The Ford Ranger is reaching the end of the line. Production of the compact pickup will stop in December after nearly 7 million units, ending an era that began with the truck's introduction for the 1983 model year.
Originally reported by PickupTrucks.com, confirmation of the truck's demise came from a newsletter distributed by the UAW Local 879, which serves the St. Paul, Minnesota plant where the truck is produced. According to the newsletter, production is slated to cease on December 22, leaving the plant's future uncertain.
The news likely comes as little surprise to truck loyalists, who have watched the entire compact pickup segment lose ground to full-size trucks in recent years. Just 5,713 Rangers were sold last month, down significantly from last year, a pattern echoed by competitors like the Dodge Dakota and Chevrolet Colorado. Ford will try to steer Ranger buyers towards V6 versions of its bigger F-150 pickup, which has similar fuel economy, but a lot more functionality.

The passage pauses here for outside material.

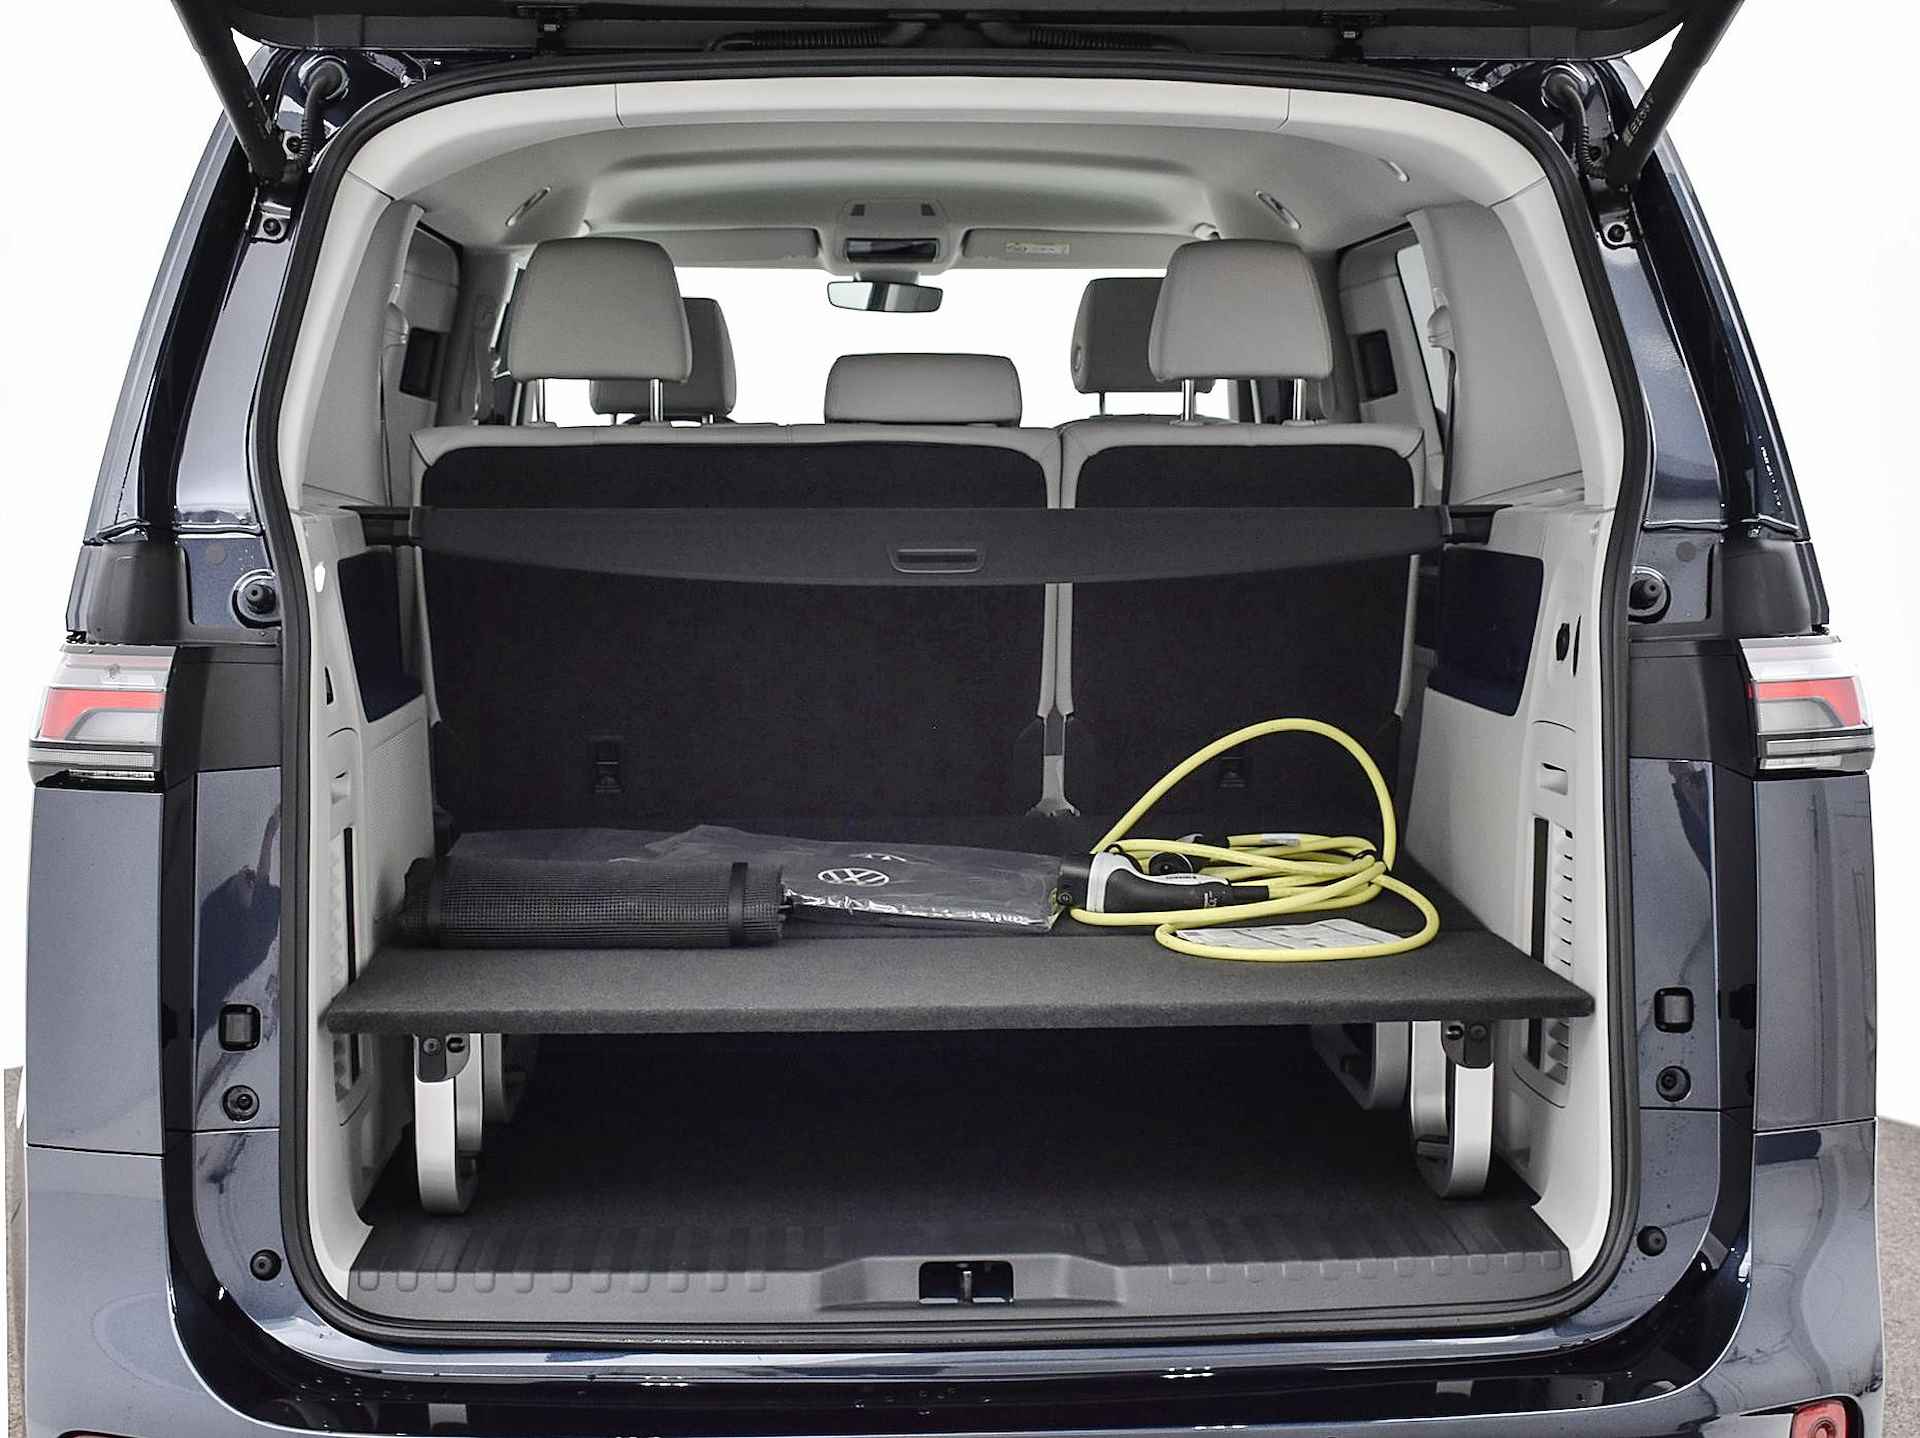 Volkswagen ID. Buzz pro advantage Elektromotor 150 kW / 204 pk electr. aandrijving · Assistance pakket · Design pakket · multimedia pakket plus · open & close pakket plus · trekhaak · MEGA Sale - 28/40

Despite the inevitability of the truck's departure, Ranger loyalists will be sad to see it go. Long revered as one of the toughest small pickups on the market, the Ranger's 1983 debut brought a combination of sturdy construction and good fuel economy to the pickup market. Originally offered with a choice of four engines ? including a 2.2-liter four-cylinder diesel putting out just 59 horsepower ? the Ranger received few changes throughout the 1980s, though engines were beefed up as demand for stronger acceleration began to outweigh concerns about fuel efficiency.
After its platform was shared with the popular Explorer SUV, which debuted in 1991, the Ranger received a major overhaul for the 1993 model year. A Mazda twin, the B-Series pickup, appeared in 1994. A 1998 redesign helped sales jump to more than 350,000 units per year. However, the truck's sales have been on a gradual decline ever since, dropping below 200,000 in 2004, 100,000 in 2006, and falling to just over 50,000 last year.
Interestingly, while the Ranger has fallen out of favor in the US, it is still popular overseas. Expected to go on sale soon, an all-new Ranger debuted last fall at the Australian International Auto Show in Sydney, one of many world markets where small trucks remain popular.